Repeat the data word for word, excluding every picture.

___ GIVEN MATERIAL

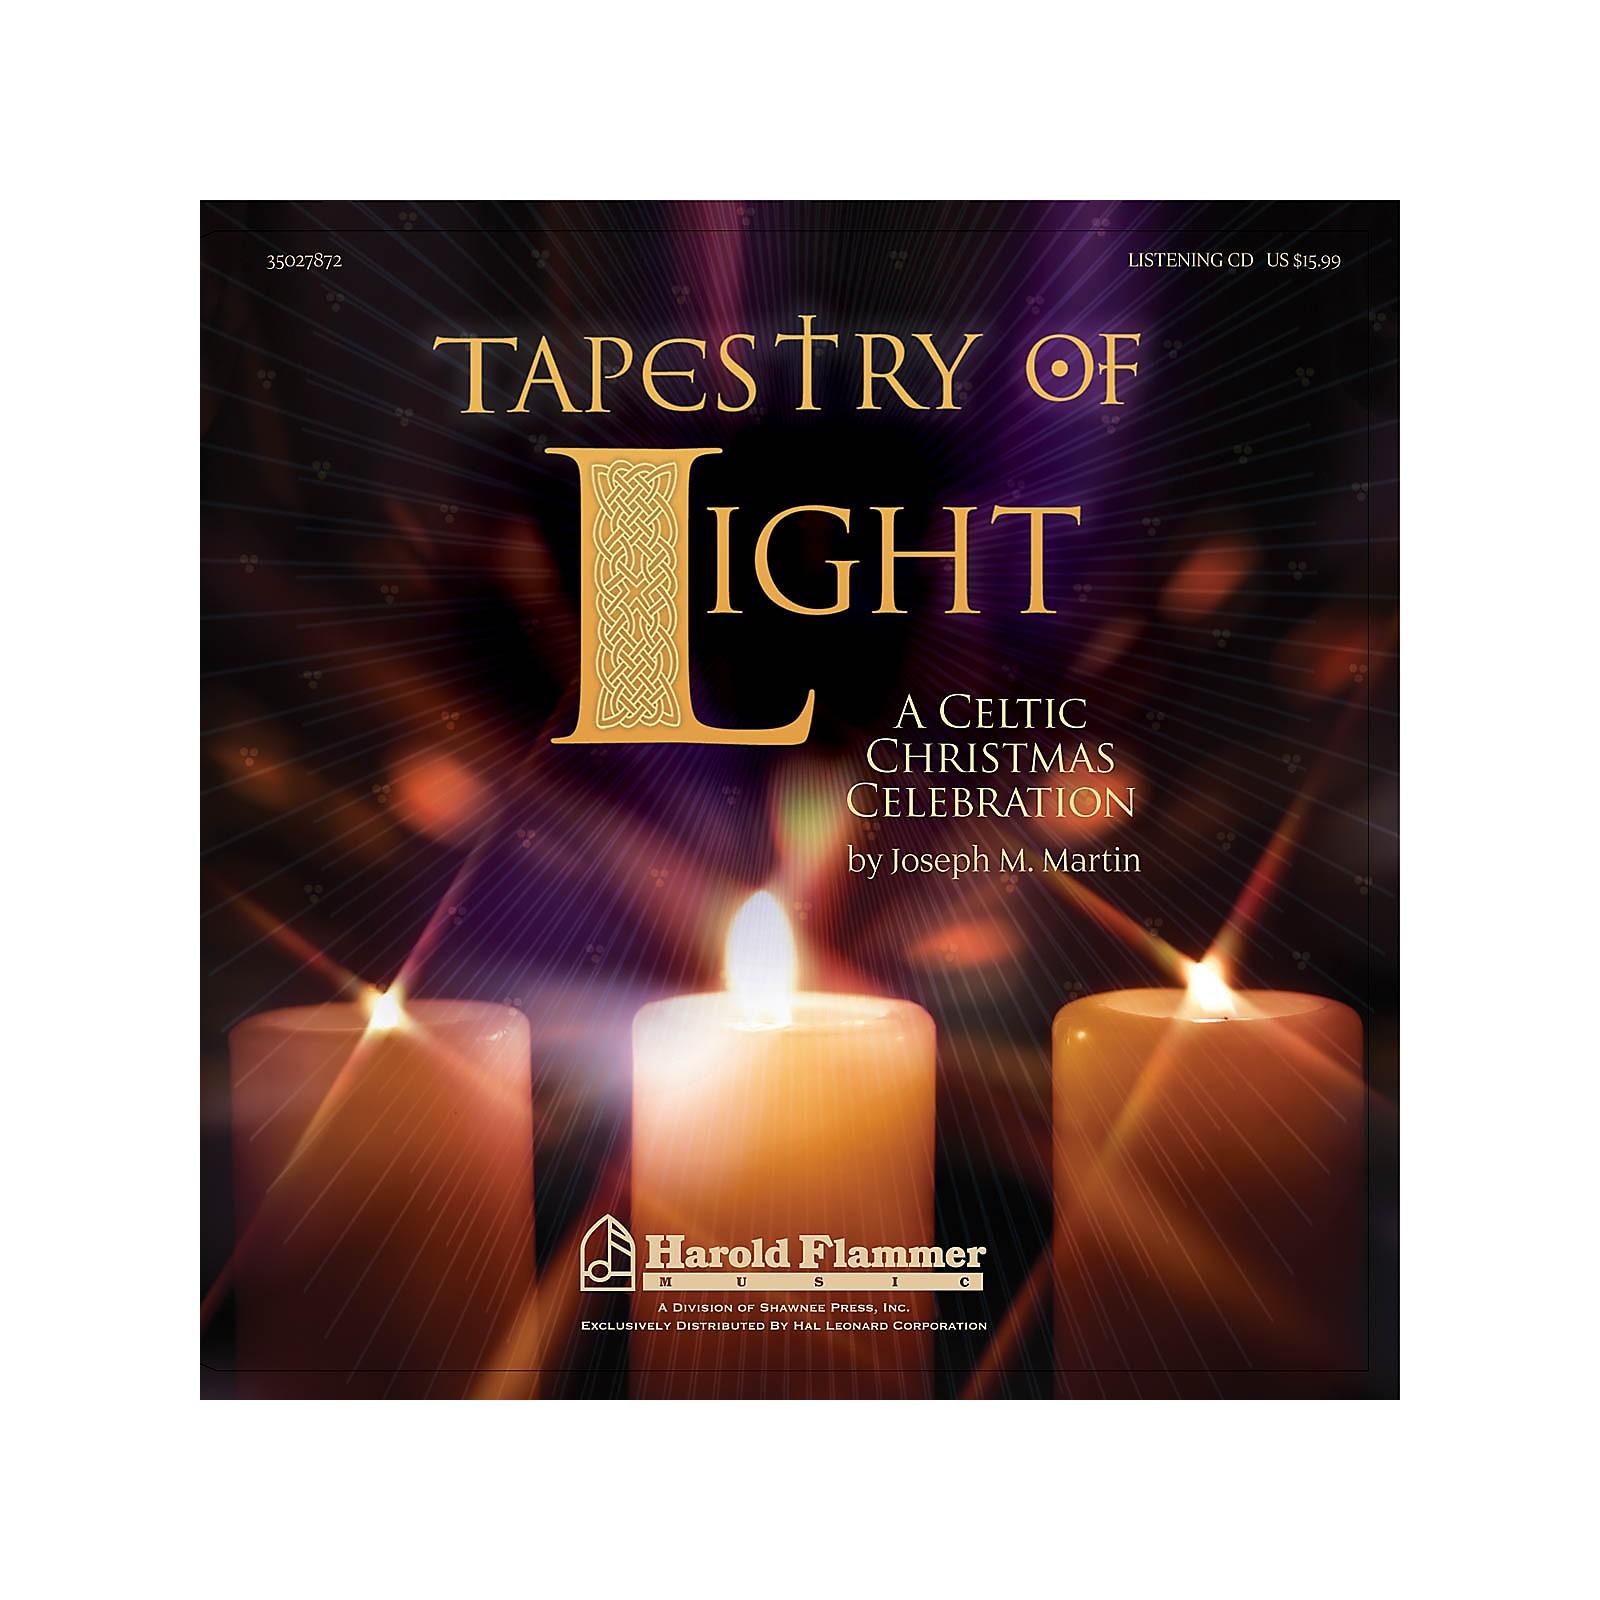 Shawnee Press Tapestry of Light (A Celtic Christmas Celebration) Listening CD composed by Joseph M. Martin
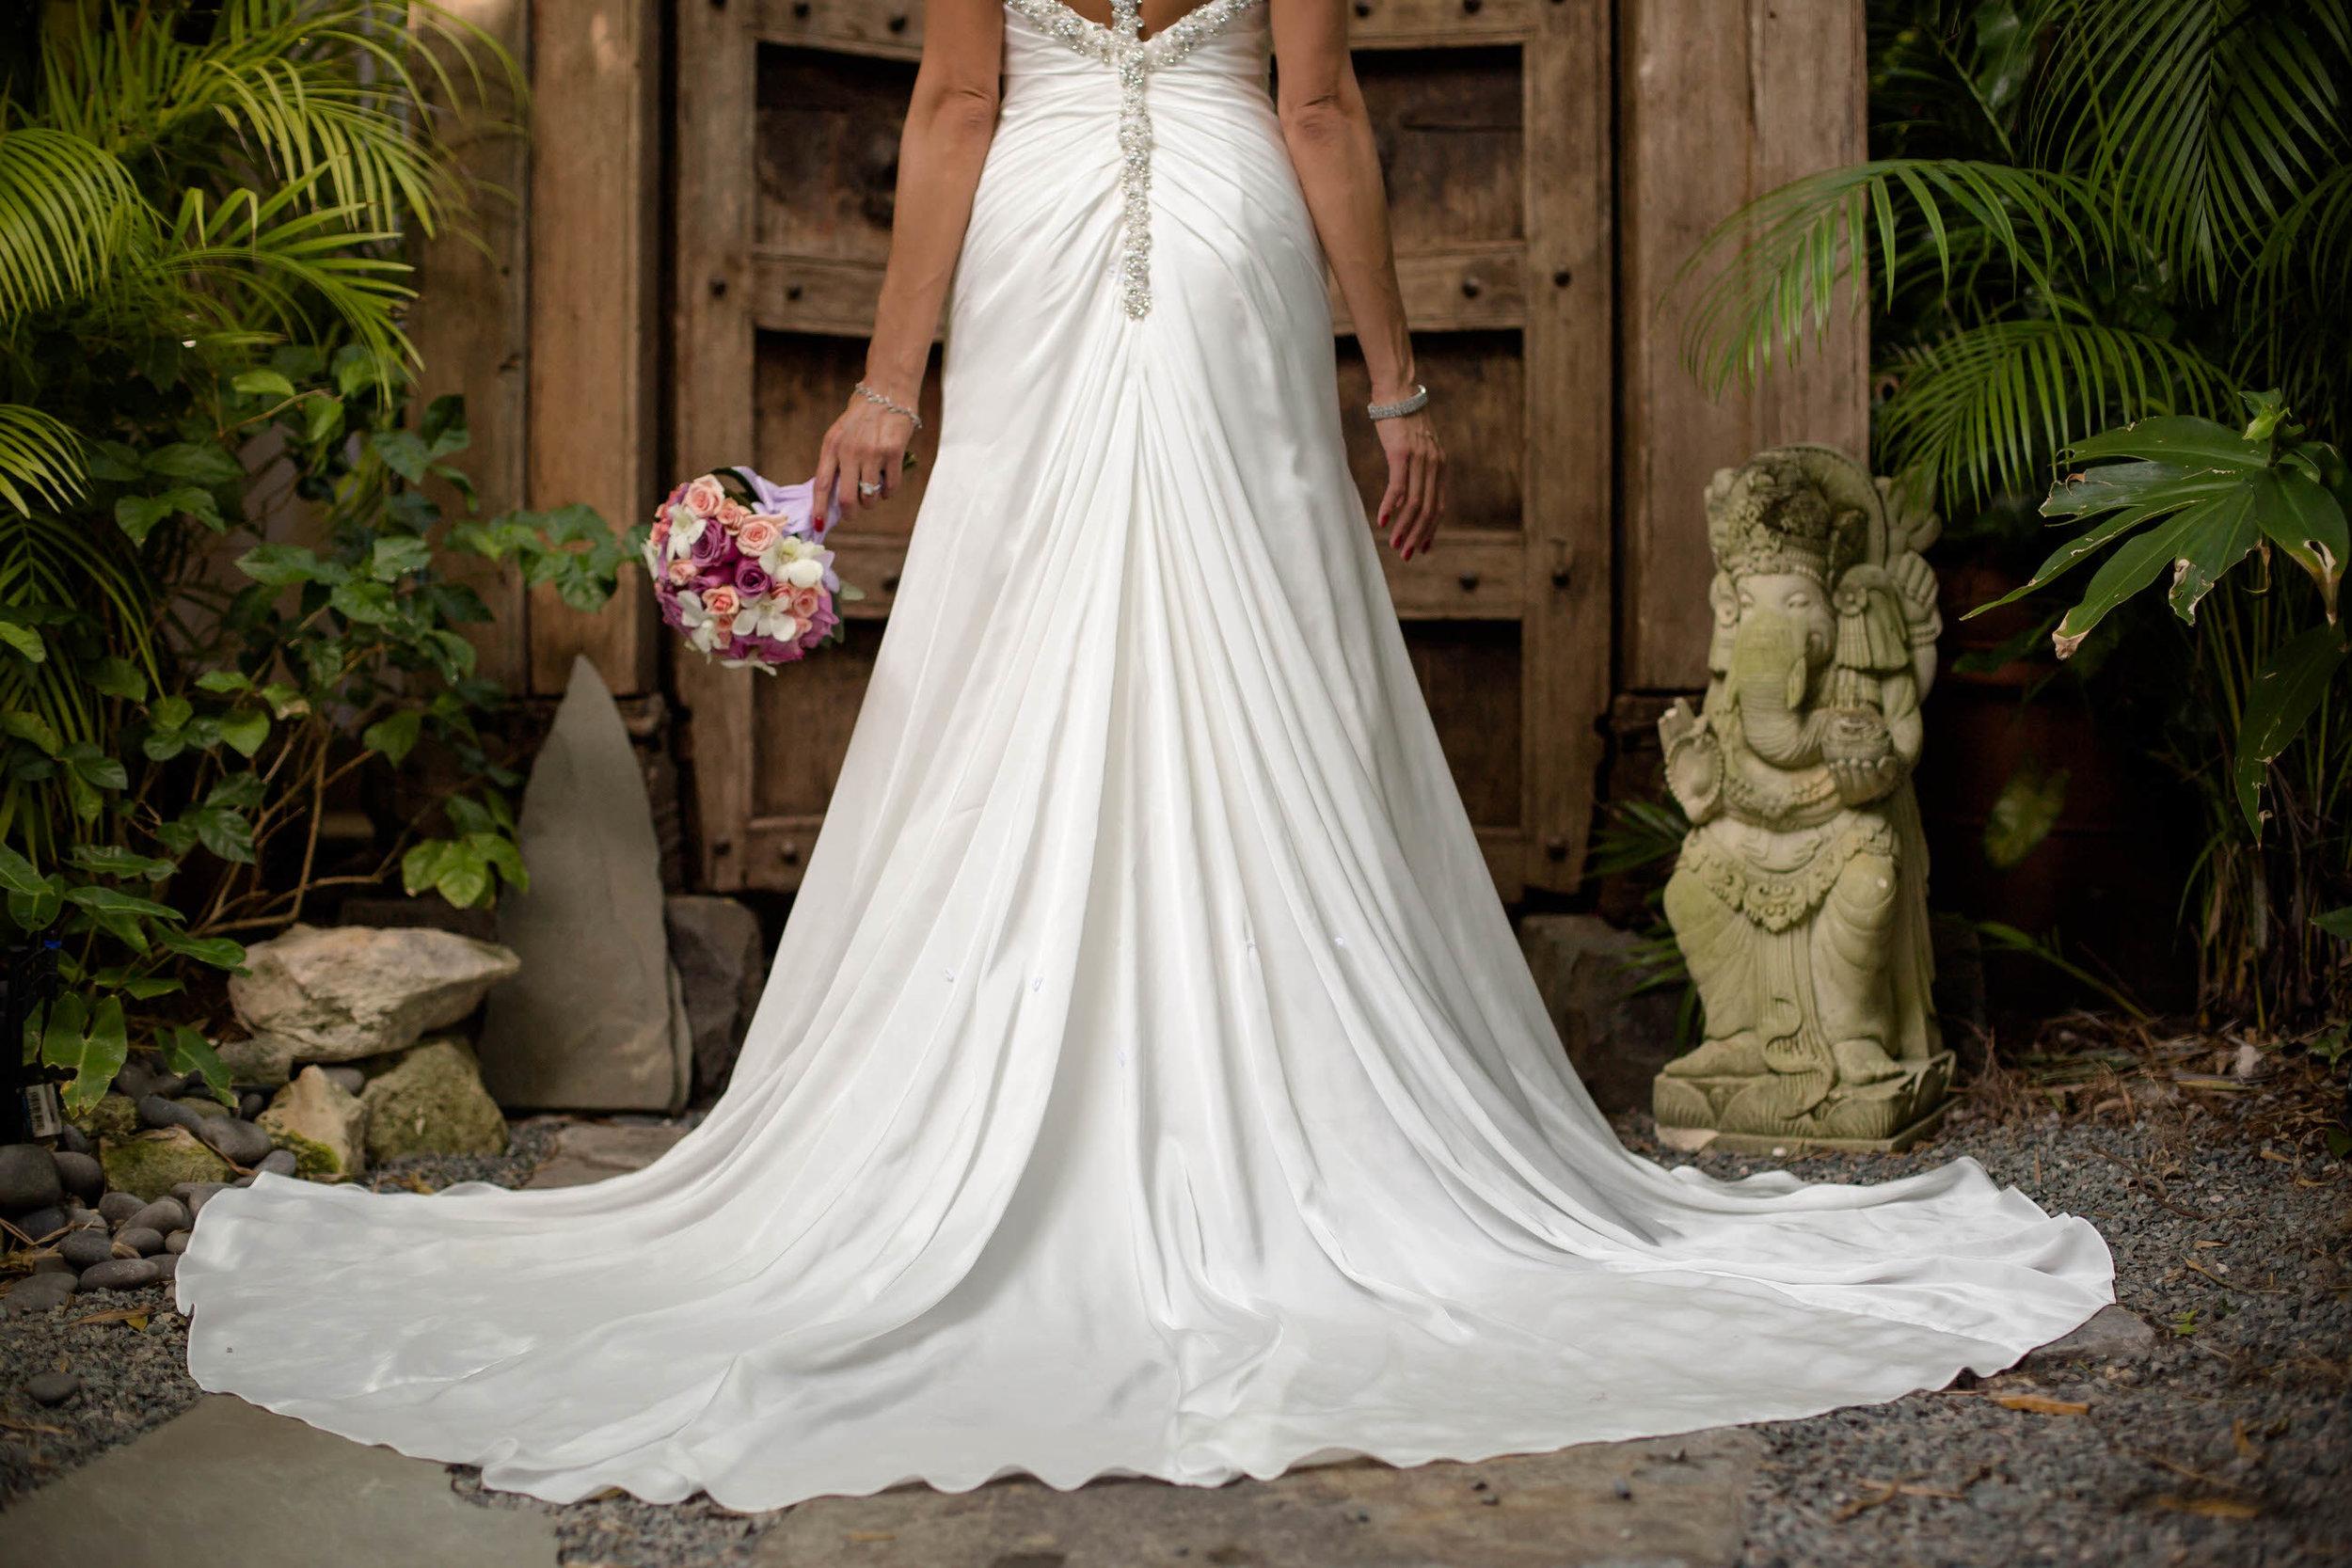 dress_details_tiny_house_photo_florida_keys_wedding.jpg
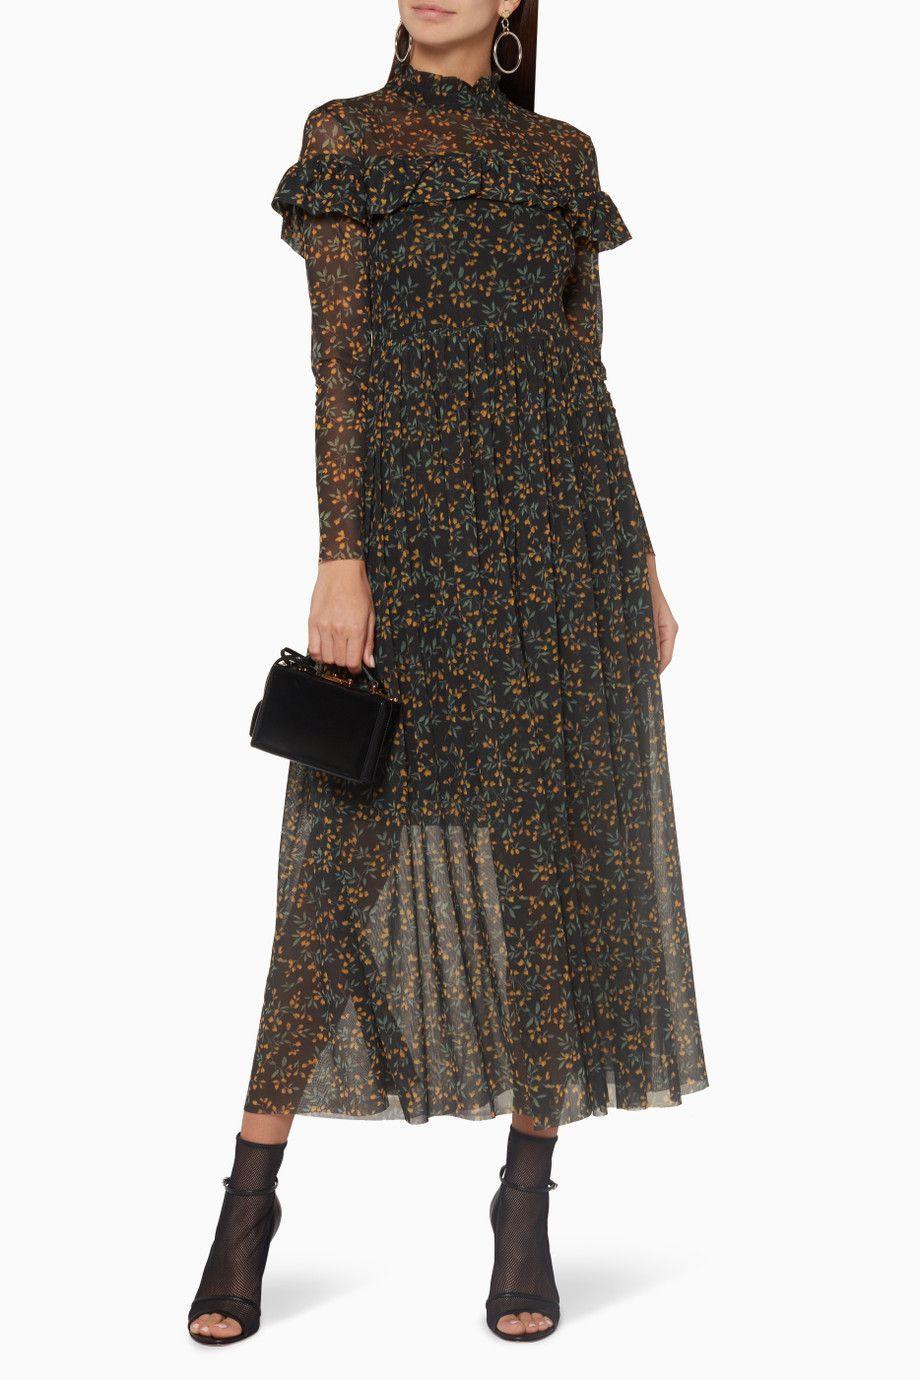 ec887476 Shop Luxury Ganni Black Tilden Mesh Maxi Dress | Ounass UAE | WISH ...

______

* _EXERCISE ANSWER_
 Shawnee Press Tapestry of Light (A Celtic Christmas Celebration) Listening CD composed by Joseph M. Martin
 dress_details_tiny_house_photo_florida_keys_wedding.jpg
 ec887476 Shop Luxury Ganni Black Tilden Mesh Maxi Dress | Ounass UAE | WISH ...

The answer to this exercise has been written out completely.